Sometimes these little food and gift incentives work to get students and their parents to do what they should already be doing, but they are a bandaid and soon lose their luster. I mean come on, kids go to McDonald's all the time. Time to offer something like Red Lobster. 

All sarcasm aside, I just think it's unfortunate that schools are now bribing people with junk food, in the hopes that they will be a responsible student, parent, and/or citizen and just wish we could come up with something else.

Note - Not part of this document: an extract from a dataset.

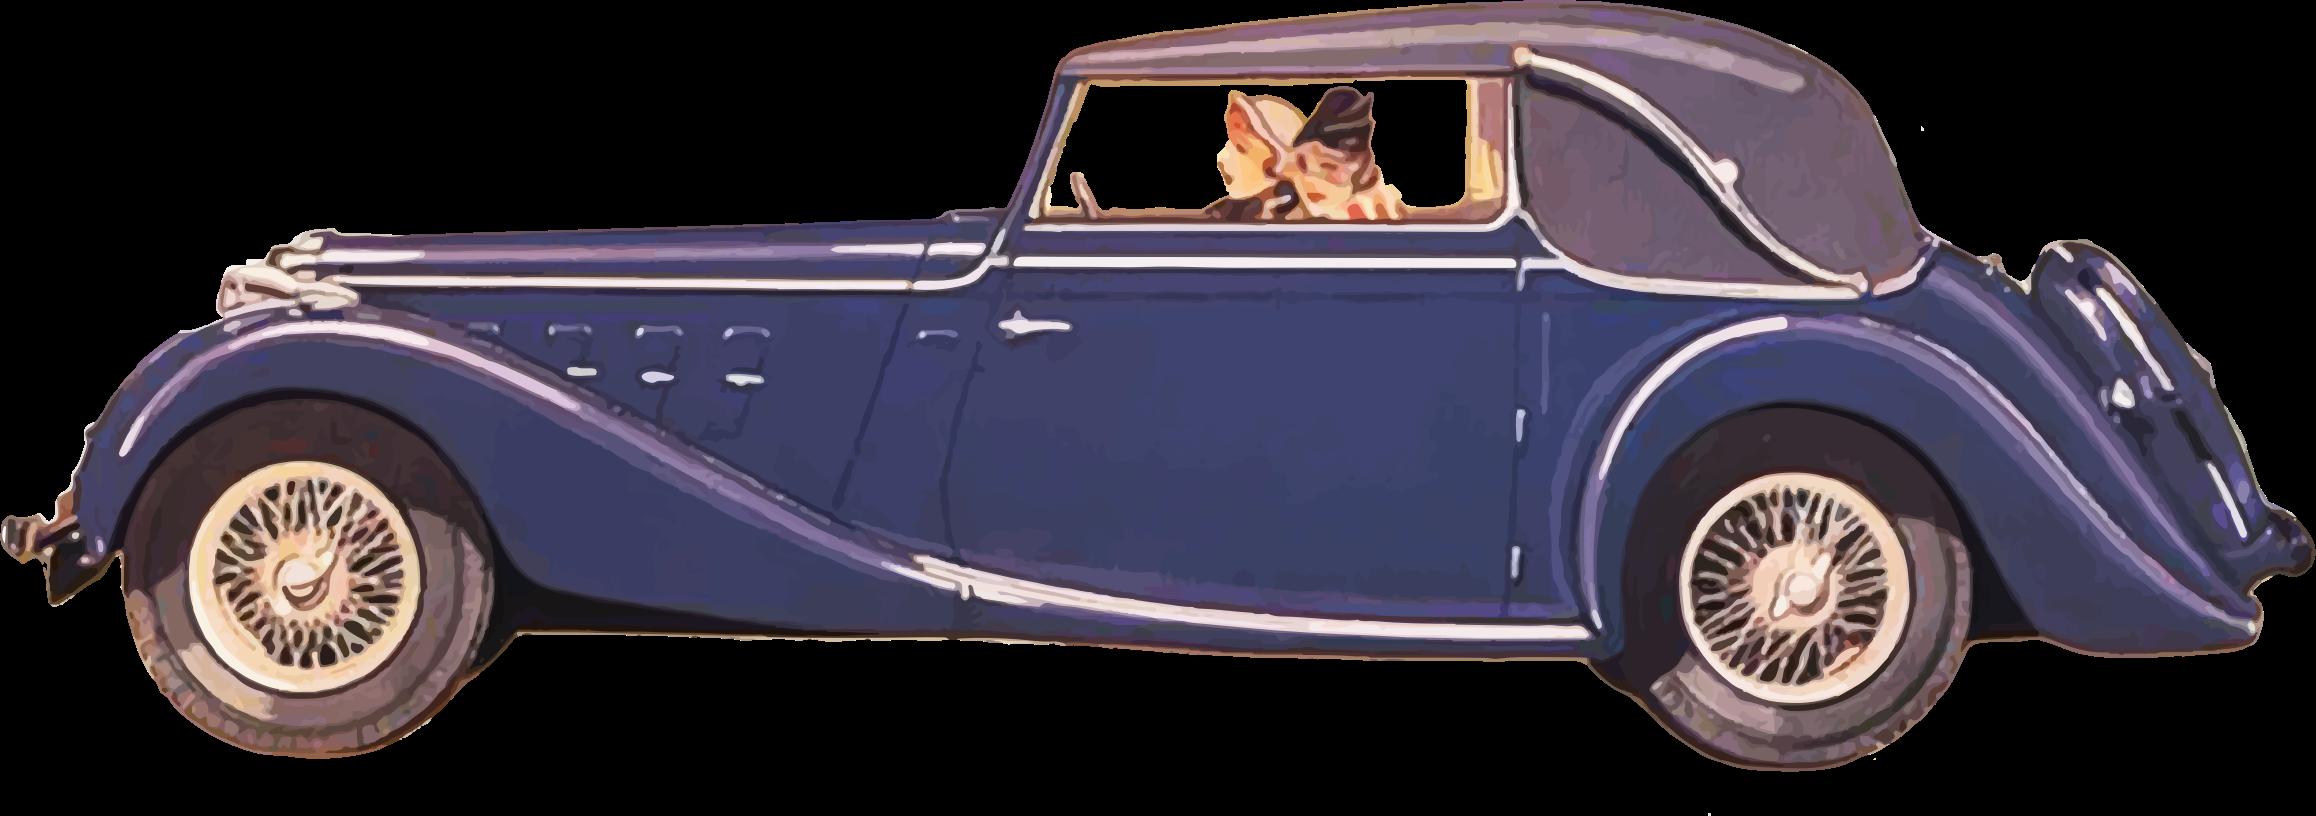 Driver clipart woman driver. Ladies driving vintage car

What do you think, should schools offer students and parents incentives? If they do, what kind of incentives should they be?

31 comments:

Anonymous said...

Dear Emerge,

May I beg a favor? Please do not use white to type. The grey background is not dark enough for some of us. Thank you.

Anonymous said...

Our school does "bucks" as well. It is supposed to reward the good kids who are often overlooked but many teachers use it to bribe the troublemakers. I know of a school that had a cookout on Back-to-School night in order to increase the parent turnout. The parents did come, ate, and left without visiting classrooms/teachers. It is a sad commentary on our society that students and parents need to be bribed in order to do what they should be doing. Thank you, Emerge, for pointing this out.

Mahkno said...

No to incentives. Teaches them a poor life lesson. If they come to expect incentives in school, they will expect them in the work world too, only to be sorely disappointed.

TEACHER said...

Mahkno: I agree. As a D150 teacher, I rarely give out "rewards". Our students need to learn the value of intrinsic rewards(doing something because it is the right thing to do). I explain to my students that their reward is a high quality education, preparing them to be live-long learners. Emerge: I completely agree with you regarding rewards being a "band-aid". It's funny, at my school, all the troublemakers have the largest amount of "bucks". What message does that send to the 95% who are ALWAYS doing the right thing. Unless the district intends on upping the ante till it's a piece of jewelry from Tiffany's, it needs to stop. I remind my students that my boss does not reward me with "gifts" for coming to school on time or being prepared....I get to KEEP my job(reward enough)!

Anonymous said...

I am a really old fashioned kind of guy, the "reward" is called a free education. And, if you want the parents to come try free beer night, ok, I am joking about that. Most kids have money to buy what they want, and it is better then what we can offer. I remember a sub at on of the schools brought in homemade cookies and the kids threw them at her, they wanted store bought. Just saying.

TEACHER said...

Anonymous: I agree. A free, public education is the REWARD. Funny how the students at my school have money for "hot chips" and Mountain Dew for snacks, but have NO PENCILS, NO FOLDERS, NO CRAYONS, NO SCISSORS and are usually late for school because "ummmmmmm my mom wouldn't get up".

Anonymous said...

how do you teach intrinsic rewards. Do nothing, check comes, Link is recharged, free school lunches and book fees waived, school supplies come by magic fairies, LiHeap keeps you warm in the winter and cool in the summer. Generation after generation is being taught this lack of work ethic. so yes, they expect to be paid to do something that they really don't want to do. Why learn when you don't have to work. Society sustains poverty by paying for it. Society sustains crime by funding it.

Frustrated said...

Parents - no free lunch, showing up is their duty.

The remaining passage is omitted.